“Disturbo?”: Sei personaggi in cerca di… cura, alla “Sala Assoli” di Napoli

“Disturbo?”: Sei personaggi in cerca di… cura, alla “Sala Assoli” di Napoli

disturbo-sala-assoli“Le statistiche sanitarie dicono che un una persona su quattro soffre di qualche disturbo mentale.
Pensa ai tuoi tre migliori amici, se loro sono a posto, quella persona sei tu”. Intorno a questa breve, e decisa “statistica”, che in questo caso funge da spietata introduzione, ruotano storie, vicende, complessi casi umani, raccontati con cura e sfrontatezza in “Disturbo?”, in scena alla “Sala Assoli” di Napoli. Ideato ed interpretato da Domenico Carbone, Claudia Esposito, Paolo Gentile, Giuseppe Fiscariello, Emanuela Iusto, Valerio Lombardi e Nicola Narciso, diretto da Giuseppe Fiscariello con la collaborazione di Livio Montanaro e Nicola Narciso, “Disturbo?” è la storia di un gruppo di pazienti, incontratisi per caso nella sala d’aspetto del Dottor Stern, noto psichiatra.

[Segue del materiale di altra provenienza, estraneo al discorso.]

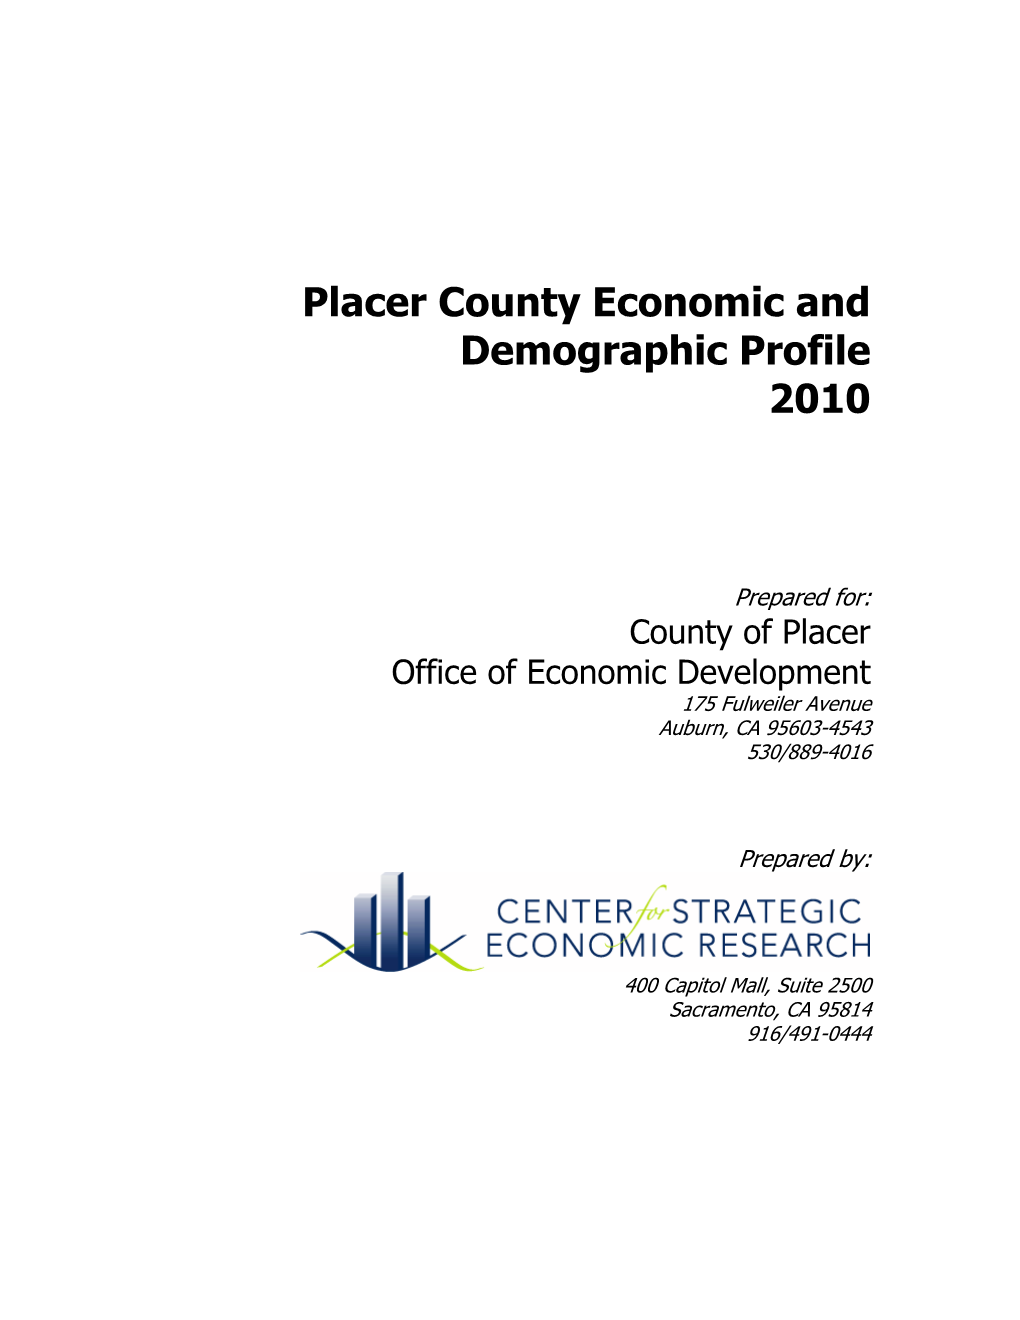 Placer County Economic and Demographic Profile 2010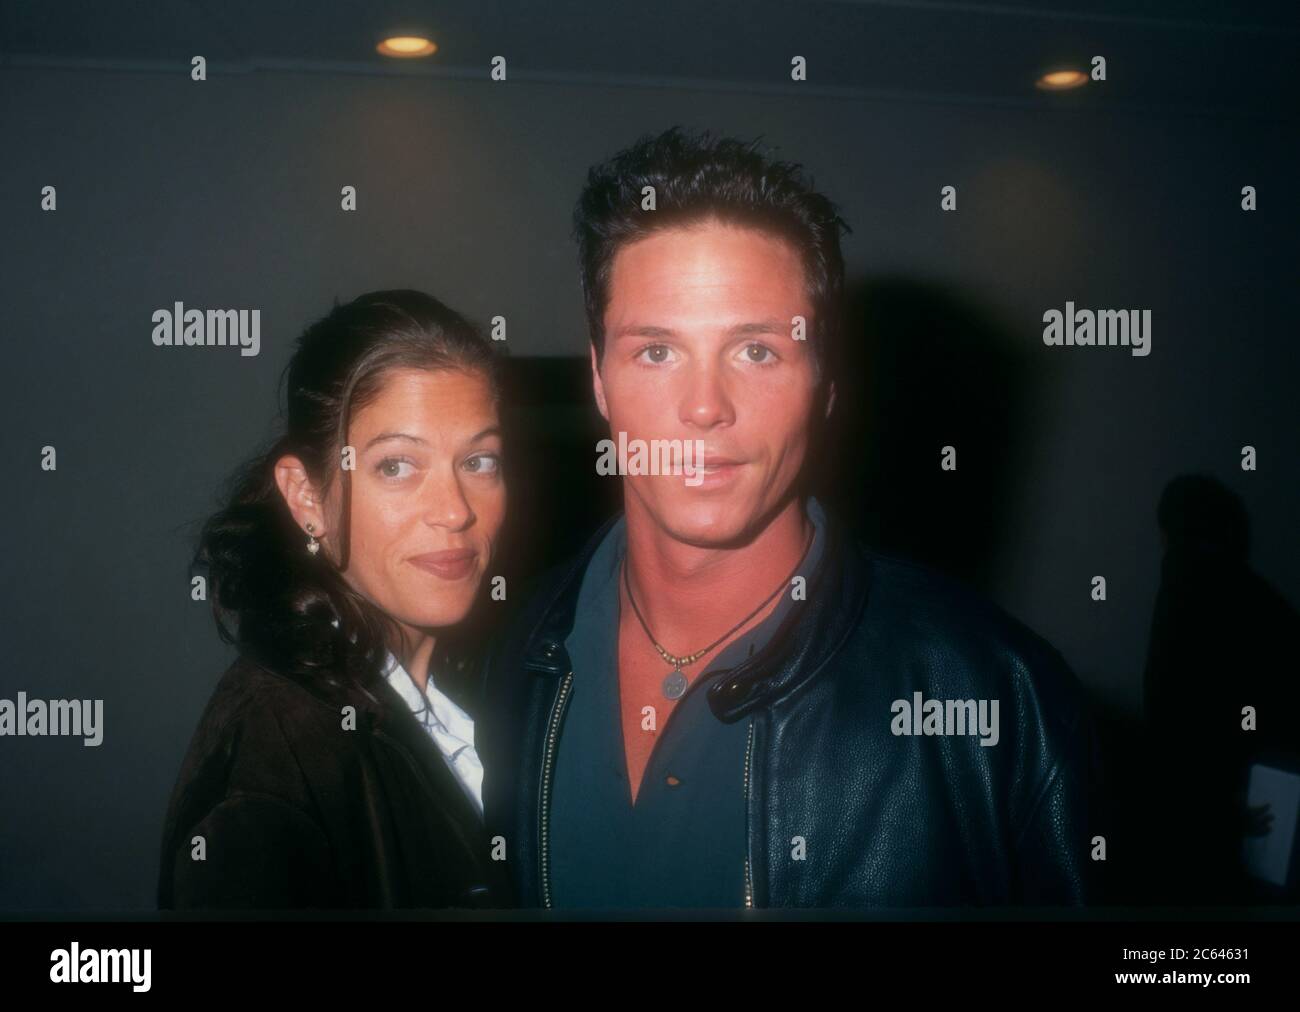 Westwood, California, USA 13th December 1995 Actor Jason Wiles and wife Joanne Roberts attend Universal Pictures' '12 Monkeys' Premiere on December 13, 1995 at Mann Bruin Theatre in Westwood, California, USA. Photo by Barry King/Alamy Stock Photo Stock Photo

L’apparente ritardo di quest’ultimo, offrirà ai pazienti, l’opportunità di cononscersi, condividere i propri disturbi e la convincenza con essi, ed inoltre di imparare a controllarli, seppure per brevissime porzioni di tempo. “Sotto gli occhi dell’assistente del dottore – spiega Giuseppe Fiscariello – , i sei pazienti danno vita a un’esperienza dagli effetti esilaranti per il pubblico e dagli esiti imprevisti per loro, tra folli partite a monopoli e comici tentativi di costituirsi gruppo di auto-aiuto, dove il colpo di scena finale è dietro l’angolo. GAG Produzioni – continua – porta in scena a Napoli per la prima volta ‘Disturbo?’, liberamente tratto da “Toc Toc?” Di Laurent Baffie, dopo il successo riscosso dalla pièce originale in mezza Europa (Madrid e Parigi su tutte le altre capitali europee, con oltre mille repliche).
Uno spettacolo – conclude- in cui si ride delle grandi manie e si sorride di quelle piccole, in cui si vede se stessi e il tempo in cui viviamo. Bravi gli attori, efficace la tutt’altro che semplice regia , “Disturbo?” è un crescendo di eventi, conditi esilaranti momenti ed inaspettati colpi di scena, tenuti insieme dal complesso contesto in cui si svolgono gli eventi. Sei personaggi, sei disturbi psichici, se possibili soluzioni. Abile ed inatteso, il Dottor Stern riuscirà ad entrare dentro ognuno dei suoi pazienti, mescolandoli alle pedine di un realistico gioco di società, ponendo ognuno davanti al proprio essere, mostrandogli quello che può esserci, li dove da soli, si è impediti a giungere.